When start_isolate_page_range() returned -EBUSY in __offline_pages(), it
calls memory_notify(MEM_CANCEL_OFFLINE, &arg) with an uninitialized
"arg". As the result, it triggers warnings below. Also, it is only
necessary to notify MEM_CANCEL_OFFLINE after MEM_GOING_OFFLINE.

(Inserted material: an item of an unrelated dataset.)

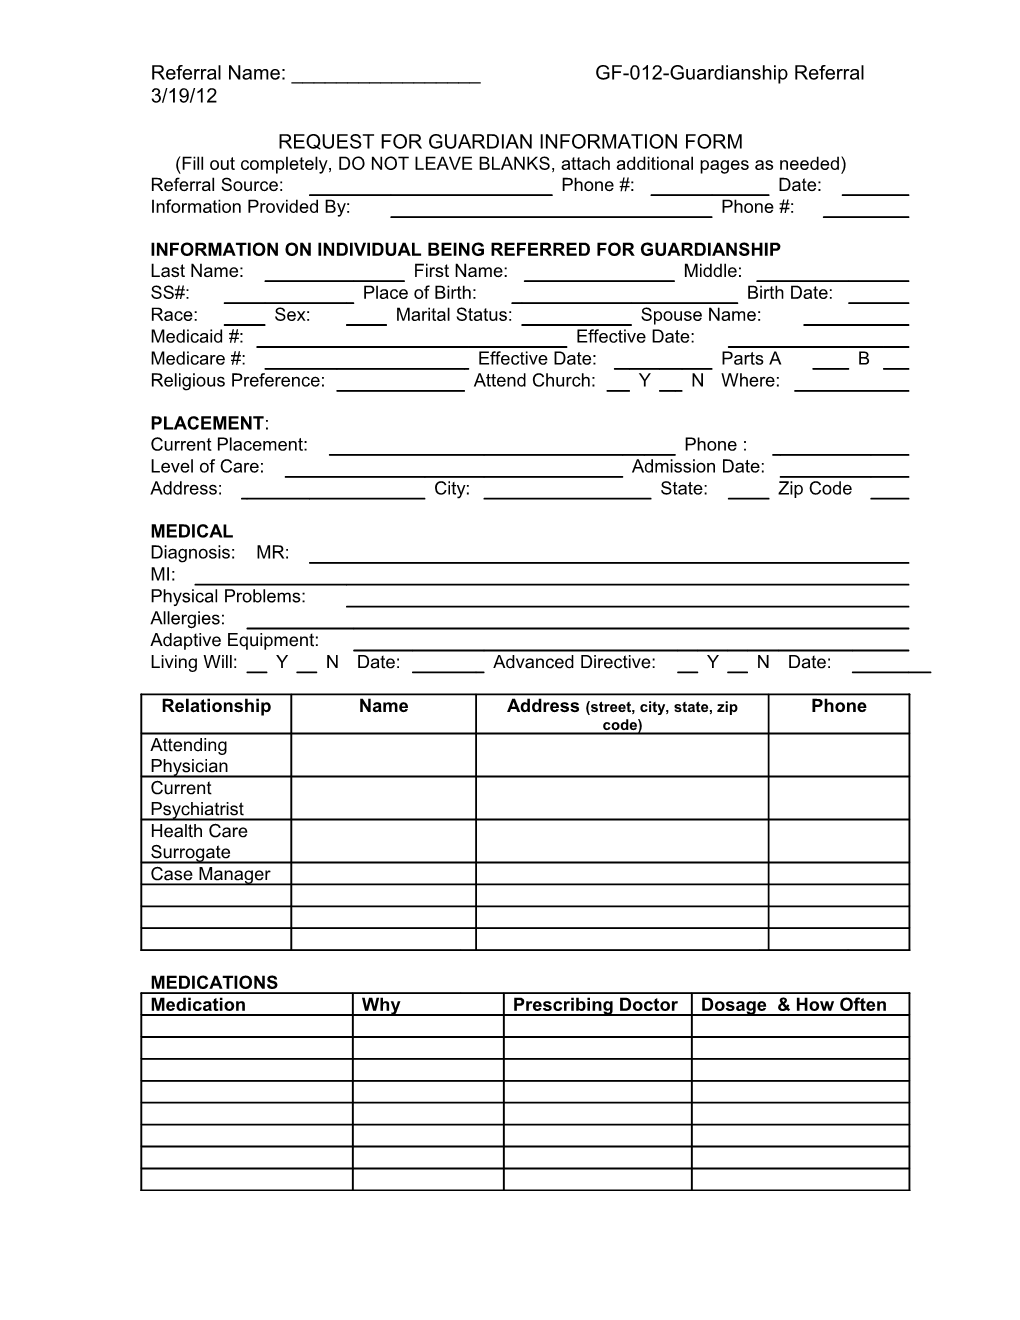 Request for Guardian Information Form

page:ffffea0001200000 count:1 mapcount:0 mapping:0000000000000000
index:0x0
flags: 0x3fffe000001000(reserved)
raw: 003fffe000001000 ffffea0001200008 ffffea0001200008 0000000000000000
raw: 0000000000000000 0000000000000000 00000001ffffffff 0000000000000000
page dumped because: unmovable page
WARNING: CPU: 25 PID: 1665 at mm/kasan/common.c:665
kasan_mem_notifier+0x34/0x23b
CPU: 25 PID: 1665 Comm: bash Tainted: G W 5.0.0+ #94
Hardware name: HP ProLiant DL180 Gen9/ProLiant DL180 Gen9, BIOS U20
10/25/2017
RIP: 0010:kasan_mem_notifier+0x34/0x23b
RSP: 0018:ffff8883ec737890 EFLAGS: 00010206
RAX: 0000000000000246 RBX: ff10f0f4435f1000 RCX: f887a7a21af88000
RDX: dffffc0000000000 RSI: 0000000000000020 RDI: ffff8881f221af88
RBP: ffff8883ec737898 R08: ffff888000000000 R09: ffffffffb0bddcd0
R10: ffffed103e857088 R11: ffff8881f42b8443 R12: dffffc0000000000
R13: 00000000fffffff9 R14: dffffc0000000000 R15: 0000000000000000
CS: 0010 DS: 0000 ES: 0000 CR0: 0000000080050033
CR2: 0000560fbd31d730 CR3: 00000004049c6003 CR4: 00000000001606a0
Call Trace:
notifier_call_chain+0xbf/0x130
__blocking_notifier_call_chain+0x76/0xc0
blocking_notifier_call_chain+0x16/0x20
memory_notify+0x1b/0x20
__offline_pages+0x3e2/0x1210
offline_pages+0x11/0x20
memory_block_action+0x144/0x300
memory_subsys_offline+0xe5/0x170
device_offline+0x13f/0x1e0
state_store+0xeb/0x110
dev_attr_store+0x3f/0x70
sysfs_kf_write+0x104/0x150
kernfs_fop_write+0x25c/0x410
__vfs_write+0x66/0x120
vfs_write+0x15a/0x4f0
ksys_write+0xd2/0x1b0
__x64_sys_write+0x73/0xb0
do_syscall_64+0xeb/0xb78
entry_SYSCALL_64_after_hwframe+0x44/0xa9
RIP: 0033:0x7f14f75cc3b8
RSP: 002b:00007ffe84d01d68 EFLAGS: 00000246 ORIG_RAX: 0000000000000001
RAX: ffffffffffffffda RBX: 0000000000000008 RCX: 00007f14f75cc3b8
RDX: 0000000000000008 RSI: 0000563f8e433d70 RDI: 0000000000000001
RBP: 0000563f8e433d70 R08: 000000000000000a R09: 00007ffe84d018f0
R10: 000000000000000a R11: 0000000000000246 R12: 00007f14f789e780
R13: 0000000000000008 R14: 00007f14f7899740 R15: 0000000000000008
Fixes: 7960509329c2 ("mm, memory_hotplug: print reason for the offlining failure")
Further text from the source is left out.